§ **PROBLEM TO WORK ON**
Return the data below exactly, but only from the line containing "Soft Sleeve for" through the line containing "Bradford pear fruit", with both of those lines included.

* * * *

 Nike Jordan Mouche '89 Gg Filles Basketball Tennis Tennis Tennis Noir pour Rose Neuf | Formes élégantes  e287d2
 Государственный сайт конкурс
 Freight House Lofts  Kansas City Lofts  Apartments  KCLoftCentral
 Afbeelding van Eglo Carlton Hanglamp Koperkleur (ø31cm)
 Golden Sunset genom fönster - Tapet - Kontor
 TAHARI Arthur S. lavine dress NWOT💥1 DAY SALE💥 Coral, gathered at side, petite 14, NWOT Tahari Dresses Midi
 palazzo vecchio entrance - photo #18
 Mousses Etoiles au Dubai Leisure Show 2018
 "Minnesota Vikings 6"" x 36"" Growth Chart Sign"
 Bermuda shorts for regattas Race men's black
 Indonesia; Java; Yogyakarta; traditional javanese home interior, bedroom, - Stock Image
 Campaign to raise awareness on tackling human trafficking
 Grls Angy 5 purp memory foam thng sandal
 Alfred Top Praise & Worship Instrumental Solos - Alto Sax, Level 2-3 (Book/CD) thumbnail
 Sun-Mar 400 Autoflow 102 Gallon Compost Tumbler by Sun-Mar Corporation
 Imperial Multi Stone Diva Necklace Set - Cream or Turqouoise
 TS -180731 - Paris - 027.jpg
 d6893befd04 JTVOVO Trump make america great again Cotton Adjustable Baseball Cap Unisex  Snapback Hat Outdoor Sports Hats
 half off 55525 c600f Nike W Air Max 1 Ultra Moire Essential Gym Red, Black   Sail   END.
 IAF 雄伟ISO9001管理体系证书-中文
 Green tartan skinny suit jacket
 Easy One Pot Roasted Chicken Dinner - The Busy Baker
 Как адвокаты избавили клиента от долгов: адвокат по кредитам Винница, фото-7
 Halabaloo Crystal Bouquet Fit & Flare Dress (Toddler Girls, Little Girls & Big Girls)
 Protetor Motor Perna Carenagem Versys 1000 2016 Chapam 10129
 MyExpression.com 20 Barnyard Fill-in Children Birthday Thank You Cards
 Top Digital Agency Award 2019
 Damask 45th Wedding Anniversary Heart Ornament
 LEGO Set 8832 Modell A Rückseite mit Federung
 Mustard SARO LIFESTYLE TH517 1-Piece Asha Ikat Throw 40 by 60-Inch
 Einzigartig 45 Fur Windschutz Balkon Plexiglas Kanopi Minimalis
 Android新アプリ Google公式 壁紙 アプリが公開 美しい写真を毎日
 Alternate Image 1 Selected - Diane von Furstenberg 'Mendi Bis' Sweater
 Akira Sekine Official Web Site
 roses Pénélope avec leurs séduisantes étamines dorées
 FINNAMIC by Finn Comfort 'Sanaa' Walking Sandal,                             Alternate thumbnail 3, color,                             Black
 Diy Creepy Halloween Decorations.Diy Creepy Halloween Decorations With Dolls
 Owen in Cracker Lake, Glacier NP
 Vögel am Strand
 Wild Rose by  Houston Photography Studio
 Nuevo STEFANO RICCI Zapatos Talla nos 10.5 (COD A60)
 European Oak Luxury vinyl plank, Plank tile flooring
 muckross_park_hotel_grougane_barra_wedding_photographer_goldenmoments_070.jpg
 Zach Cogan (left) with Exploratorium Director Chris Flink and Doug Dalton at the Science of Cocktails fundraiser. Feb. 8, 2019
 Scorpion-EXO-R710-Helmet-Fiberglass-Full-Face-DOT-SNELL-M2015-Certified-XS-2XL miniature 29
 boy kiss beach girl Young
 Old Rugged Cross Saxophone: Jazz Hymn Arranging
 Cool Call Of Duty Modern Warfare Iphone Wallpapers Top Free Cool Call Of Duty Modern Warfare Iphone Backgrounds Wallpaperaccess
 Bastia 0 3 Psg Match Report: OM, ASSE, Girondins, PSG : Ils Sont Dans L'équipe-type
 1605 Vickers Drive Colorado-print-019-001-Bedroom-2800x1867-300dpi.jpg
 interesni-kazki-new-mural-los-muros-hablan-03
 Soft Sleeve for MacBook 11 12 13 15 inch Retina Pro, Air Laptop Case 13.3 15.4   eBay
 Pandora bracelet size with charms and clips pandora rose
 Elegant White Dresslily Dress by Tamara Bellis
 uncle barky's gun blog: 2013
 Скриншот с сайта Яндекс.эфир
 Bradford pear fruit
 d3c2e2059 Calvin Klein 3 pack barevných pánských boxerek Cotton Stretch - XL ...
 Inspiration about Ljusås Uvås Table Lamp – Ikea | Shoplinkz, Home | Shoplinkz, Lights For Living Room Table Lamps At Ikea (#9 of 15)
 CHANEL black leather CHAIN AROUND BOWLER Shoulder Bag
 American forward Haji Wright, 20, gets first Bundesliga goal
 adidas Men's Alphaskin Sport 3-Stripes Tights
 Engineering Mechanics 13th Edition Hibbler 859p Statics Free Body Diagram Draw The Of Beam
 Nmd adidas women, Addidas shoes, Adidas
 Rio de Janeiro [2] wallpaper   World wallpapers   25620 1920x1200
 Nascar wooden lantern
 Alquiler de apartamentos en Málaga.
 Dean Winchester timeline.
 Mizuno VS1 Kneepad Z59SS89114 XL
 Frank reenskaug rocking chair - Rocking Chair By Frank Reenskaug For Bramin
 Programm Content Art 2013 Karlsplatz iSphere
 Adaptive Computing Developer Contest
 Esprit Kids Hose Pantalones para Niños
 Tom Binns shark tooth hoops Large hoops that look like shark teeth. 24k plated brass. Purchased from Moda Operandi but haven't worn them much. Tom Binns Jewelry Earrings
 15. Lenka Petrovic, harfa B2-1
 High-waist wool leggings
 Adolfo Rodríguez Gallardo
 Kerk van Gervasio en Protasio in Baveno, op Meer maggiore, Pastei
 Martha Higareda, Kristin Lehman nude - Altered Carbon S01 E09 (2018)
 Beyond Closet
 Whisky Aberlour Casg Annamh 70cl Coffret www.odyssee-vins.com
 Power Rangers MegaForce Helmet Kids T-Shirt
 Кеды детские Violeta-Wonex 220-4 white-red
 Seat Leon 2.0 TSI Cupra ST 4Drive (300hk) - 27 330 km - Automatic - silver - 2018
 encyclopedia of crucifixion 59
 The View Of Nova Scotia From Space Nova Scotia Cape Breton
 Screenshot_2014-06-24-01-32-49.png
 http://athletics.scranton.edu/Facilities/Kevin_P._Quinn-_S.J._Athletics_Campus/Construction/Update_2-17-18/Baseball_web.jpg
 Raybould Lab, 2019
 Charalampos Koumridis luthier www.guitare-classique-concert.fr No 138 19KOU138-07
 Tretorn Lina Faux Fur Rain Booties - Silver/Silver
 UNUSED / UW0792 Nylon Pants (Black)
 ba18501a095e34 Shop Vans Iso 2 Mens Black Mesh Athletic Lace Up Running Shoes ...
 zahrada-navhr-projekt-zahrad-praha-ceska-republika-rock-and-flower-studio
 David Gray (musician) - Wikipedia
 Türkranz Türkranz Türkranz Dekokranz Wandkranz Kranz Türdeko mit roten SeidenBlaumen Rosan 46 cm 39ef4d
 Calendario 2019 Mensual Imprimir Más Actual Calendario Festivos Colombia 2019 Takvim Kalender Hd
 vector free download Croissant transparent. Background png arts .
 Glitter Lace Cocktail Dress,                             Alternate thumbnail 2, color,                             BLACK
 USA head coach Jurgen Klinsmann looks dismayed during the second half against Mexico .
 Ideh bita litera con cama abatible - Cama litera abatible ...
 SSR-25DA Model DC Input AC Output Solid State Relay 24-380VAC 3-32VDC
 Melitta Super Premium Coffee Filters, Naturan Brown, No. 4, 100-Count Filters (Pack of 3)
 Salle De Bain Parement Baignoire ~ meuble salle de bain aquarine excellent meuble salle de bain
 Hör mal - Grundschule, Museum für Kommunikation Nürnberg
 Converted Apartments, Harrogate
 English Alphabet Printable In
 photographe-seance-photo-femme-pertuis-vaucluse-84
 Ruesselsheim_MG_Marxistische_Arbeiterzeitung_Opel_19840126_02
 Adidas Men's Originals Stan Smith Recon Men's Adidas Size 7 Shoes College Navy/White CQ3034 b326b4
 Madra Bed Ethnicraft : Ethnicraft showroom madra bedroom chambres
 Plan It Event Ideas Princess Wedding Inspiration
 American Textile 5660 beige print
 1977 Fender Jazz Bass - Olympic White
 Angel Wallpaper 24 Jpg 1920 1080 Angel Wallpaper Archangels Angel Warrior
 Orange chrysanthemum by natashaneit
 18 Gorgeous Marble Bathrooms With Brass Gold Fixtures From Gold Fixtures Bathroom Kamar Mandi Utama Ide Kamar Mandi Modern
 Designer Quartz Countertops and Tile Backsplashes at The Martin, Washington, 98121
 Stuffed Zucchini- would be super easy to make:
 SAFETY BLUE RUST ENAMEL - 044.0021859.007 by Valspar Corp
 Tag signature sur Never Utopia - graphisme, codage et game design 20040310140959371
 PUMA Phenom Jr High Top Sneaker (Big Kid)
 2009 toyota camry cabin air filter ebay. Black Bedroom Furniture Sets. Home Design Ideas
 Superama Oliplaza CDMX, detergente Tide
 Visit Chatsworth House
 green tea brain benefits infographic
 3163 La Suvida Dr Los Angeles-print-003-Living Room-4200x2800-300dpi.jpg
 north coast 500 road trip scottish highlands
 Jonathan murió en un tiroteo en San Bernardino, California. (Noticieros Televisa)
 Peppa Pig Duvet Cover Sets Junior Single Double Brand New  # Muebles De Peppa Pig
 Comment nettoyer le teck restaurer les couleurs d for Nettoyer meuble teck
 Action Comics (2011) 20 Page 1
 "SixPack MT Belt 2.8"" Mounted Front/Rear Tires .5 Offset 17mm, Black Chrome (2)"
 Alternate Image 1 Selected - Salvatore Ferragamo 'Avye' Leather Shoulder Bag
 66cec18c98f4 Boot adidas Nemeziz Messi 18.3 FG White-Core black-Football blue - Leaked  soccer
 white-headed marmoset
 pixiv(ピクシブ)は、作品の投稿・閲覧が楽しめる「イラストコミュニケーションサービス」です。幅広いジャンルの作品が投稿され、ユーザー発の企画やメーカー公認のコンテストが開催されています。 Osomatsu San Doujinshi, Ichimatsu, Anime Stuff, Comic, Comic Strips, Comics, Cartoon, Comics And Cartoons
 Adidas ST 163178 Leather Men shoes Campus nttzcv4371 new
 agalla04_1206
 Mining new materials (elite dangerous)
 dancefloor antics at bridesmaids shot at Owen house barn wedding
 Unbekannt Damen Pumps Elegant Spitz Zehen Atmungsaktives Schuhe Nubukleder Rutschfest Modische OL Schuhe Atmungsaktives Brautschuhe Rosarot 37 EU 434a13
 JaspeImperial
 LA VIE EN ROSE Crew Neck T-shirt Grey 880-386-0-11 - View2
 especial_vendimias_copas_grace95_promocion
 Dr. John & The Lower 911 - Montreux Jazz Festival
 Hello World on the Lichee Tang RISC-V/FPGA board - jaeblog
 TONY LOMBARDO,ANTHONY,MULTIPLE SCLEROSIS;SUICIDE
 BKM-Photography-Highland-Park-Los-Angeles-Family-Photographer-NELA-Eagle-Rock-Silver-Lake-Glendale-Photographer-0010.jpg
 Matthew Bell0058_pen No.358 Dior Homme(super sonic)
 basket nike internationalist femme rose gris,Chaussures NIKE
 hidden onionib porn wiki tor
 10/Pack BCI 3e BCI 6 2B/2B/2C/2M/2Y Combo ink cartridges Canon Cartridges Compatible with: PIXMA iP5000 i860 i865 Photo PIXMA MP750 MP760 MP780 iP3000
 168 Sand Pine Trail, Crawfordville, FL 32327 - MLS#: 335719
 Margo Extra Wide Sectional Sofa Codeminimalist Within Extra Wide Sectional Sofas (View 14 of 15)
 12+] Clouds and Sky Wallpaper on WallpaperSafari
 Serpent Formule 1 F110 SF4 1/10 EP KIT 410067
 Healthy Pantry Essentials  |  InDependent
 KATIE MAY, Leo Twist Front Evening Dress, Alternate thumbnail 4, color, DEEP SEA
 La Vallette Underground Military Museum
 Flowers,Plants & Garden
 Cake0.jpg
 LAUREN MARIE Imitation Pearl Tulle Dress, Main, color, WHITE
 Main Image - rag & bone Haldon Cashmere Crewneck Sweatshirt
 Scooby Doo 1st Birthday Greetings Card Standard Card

* * * *

§ **ANSWER TO THE EXERCISE**
 Soft Sleeve for MacBook 11 12 13 15 inch Retina Pro, Air Laptop Case 13.3 15.4   eBay
 Pandora bracelet size with charms and clips pandora rose
 Elegant White Dresslily Dress by Tamara Bellis
 uncle barky's gun blog: 2013
 Скриншот с сайта Яндекс.эфир
 Bradford pear fruit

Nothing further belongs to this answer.